I will say that I have a dual-motored Pulmore locomotive that I put the ERR AC Commander into, it really improved the performance over the older LCRU2 that was previously controlling them. I was quite surprised at the better low speed performance.

As others have said, they do suck down the power, that's one of the major drawbacks.


----------



## rrbill (Mar 11, 2012)

I have wondered about the question posed by this thread. Kwikster and Lee Willis have given real world information about the answer. Thanks guys.


----------



## Yellowstone Special (Jun 23, 2015)

I'd like to thank all of you who participated in this thread over the past couple of days, especially Lee Wills, Kwikster, servoguy, and gunrunnerjohn. I joined this forum just a couple of days ago and it's a welcome change from the other forum I just left after over a year there. This forum seems much more down to earth, more focused, and people who respond with what you're looking for. And by the way, gunrunnerjohn, pulling over 115 cars with 2 Legacy engines is definitely impressive!

Anyway, I picked up a Lionel SD-40 (1994 Illinois Central) with dual Pullmor motors in like-new condition for a song after dropping off the trouble-laden scale f3 at a Lionel service station. I brought it home, lubed it up, put in on the track, and couldn't believe the performance! This one has 12-wheel drive, with 2 powered 3 axle trucks. And you guys were right, it takes power from the transformer to get it going, but once up to speed, you can back off a little on the voltage, and it seemed to fly around the track effortlessly with 2 dummy F3Bs and 5 aluminum passenger cars, 4 lit, 1 a baggage car. I was totally amazed.

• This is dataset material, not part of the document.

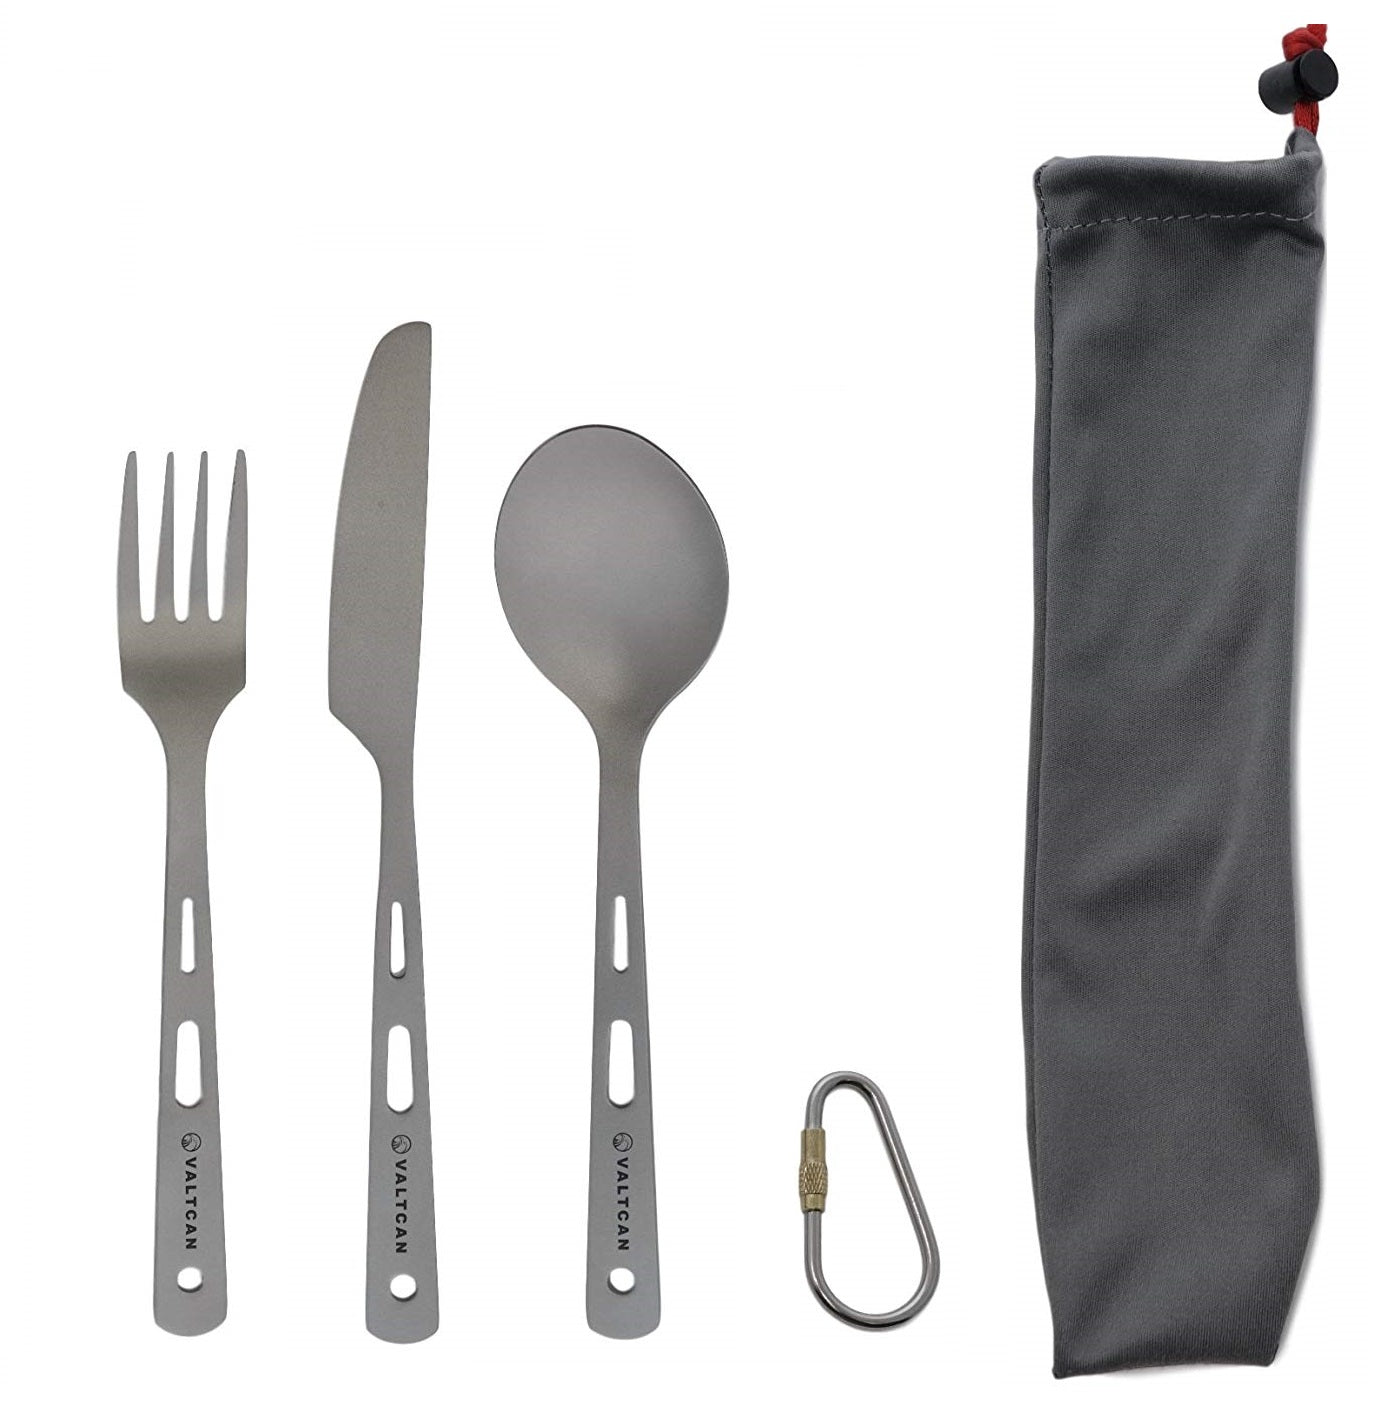 ZURSSEU Flatware, 3 Piece Camping Utensil Set, Forks, Knives and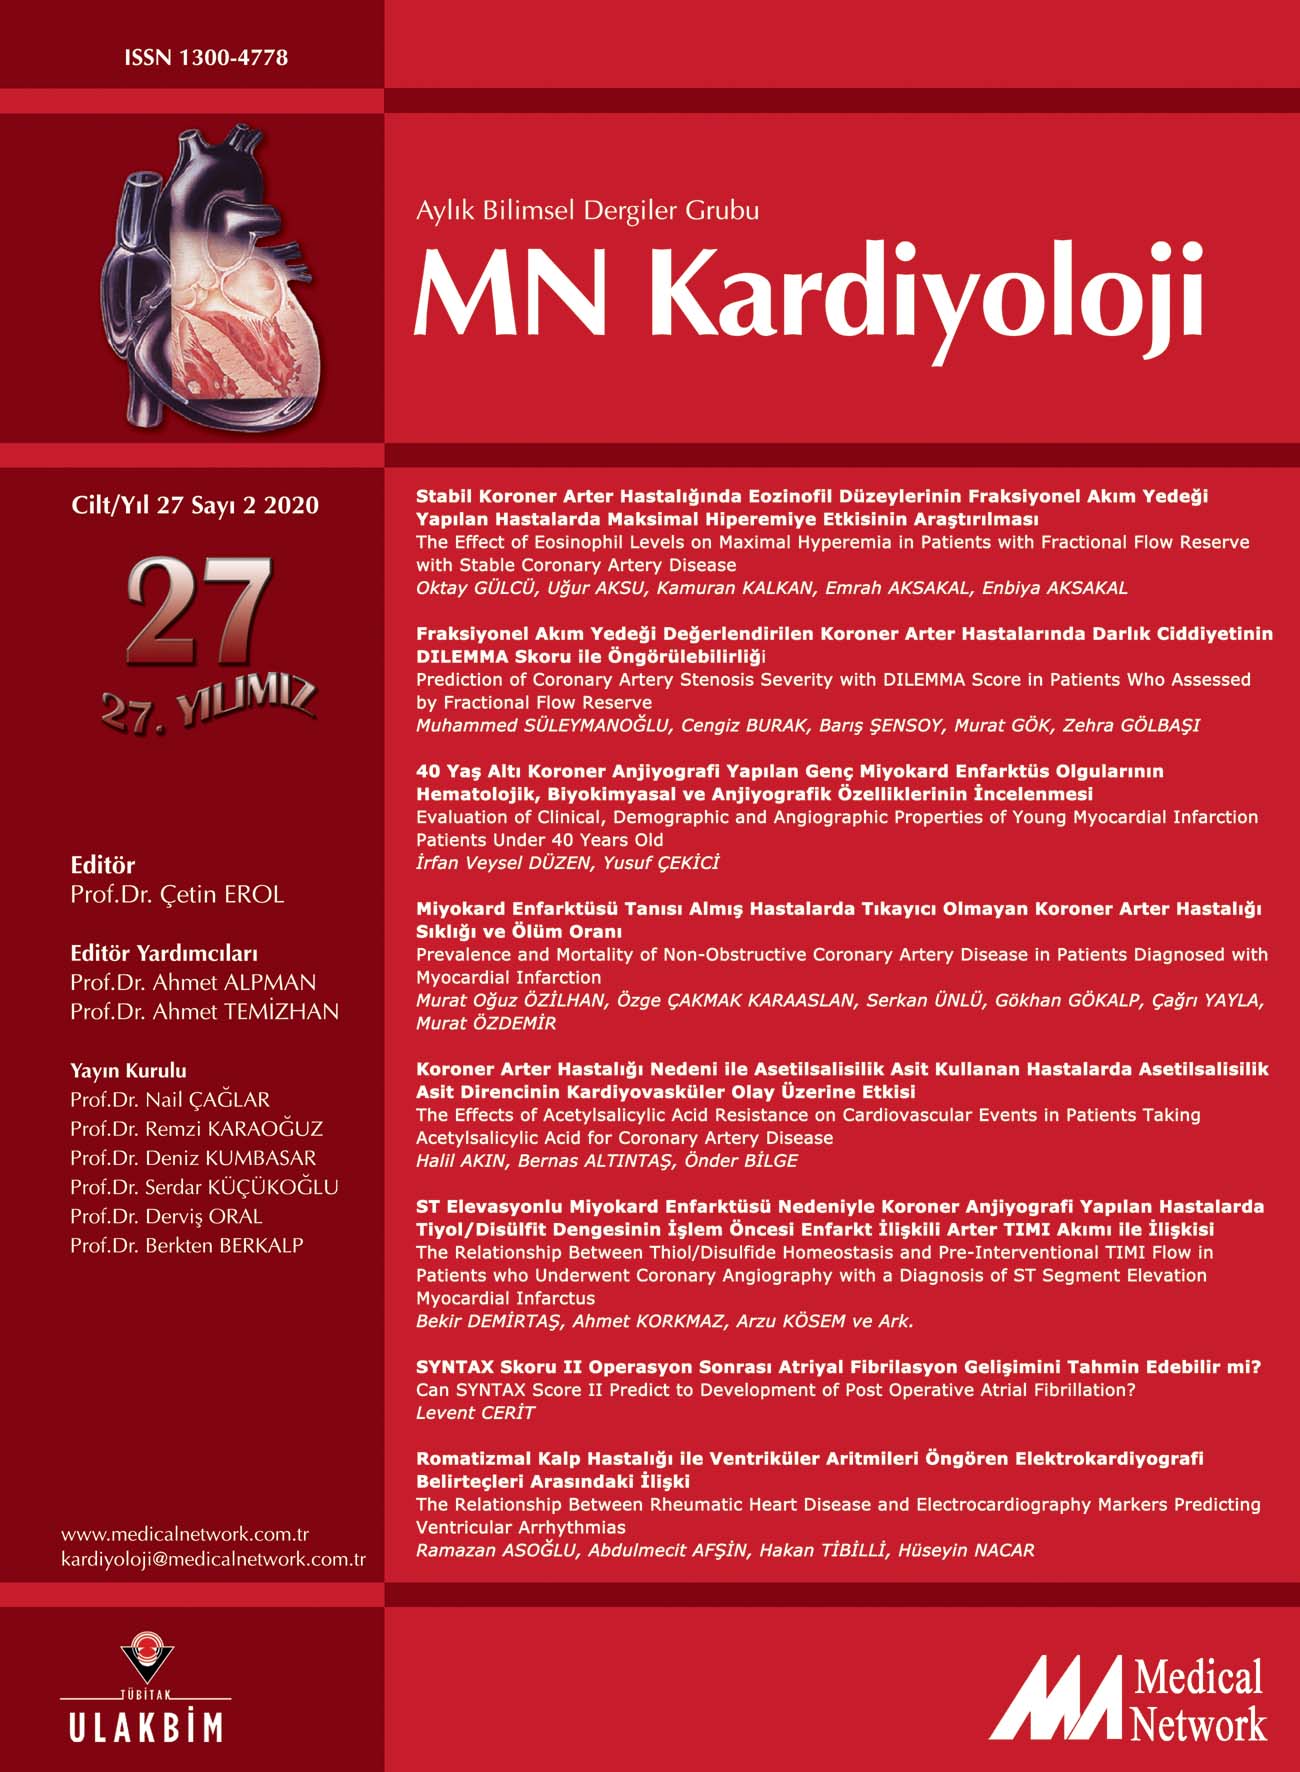 <p>MN Kardiyoloji Cilt: 27 Say: 2 2020 MN Cardiology Volume: 27 No: 2 2020</p>

However, I did notice the seemingly "rougher" motor sounds and a little sparking, which I don't get with my other can-motored engines. So overall, I agree with Lee, in that the newer can motors are, better and smoother running, especially at low speeds. So, I ended up purchasing a matching 8-wheel powered (TMCC even though I run only conventional) F3B unit, which is on its way. I picked this up on Ebay for under $200 MIB, which isn't bad. This one is in transit now. I'm hoping that with the repaired F3A mated with to new powered F3B, this will take the strain of the F3A with only 2 powered axles (so six powered axles from both units) and give me ample power for some time to come. At least, I'm hoping this will be the solution.

It's fun having an older dual Pullmor-motored locomotive though, and I think the grandkids will get a kick out of it. If any of you have more to add, please feel free, and thanks again for your responses so far.


----------



## Lee Willis (Jan 1, 2014)

Yellowstone Special said:


> It's fun having an older dual Pullmor-motored locomotive though, and I think the grandkids will get a kick out of it.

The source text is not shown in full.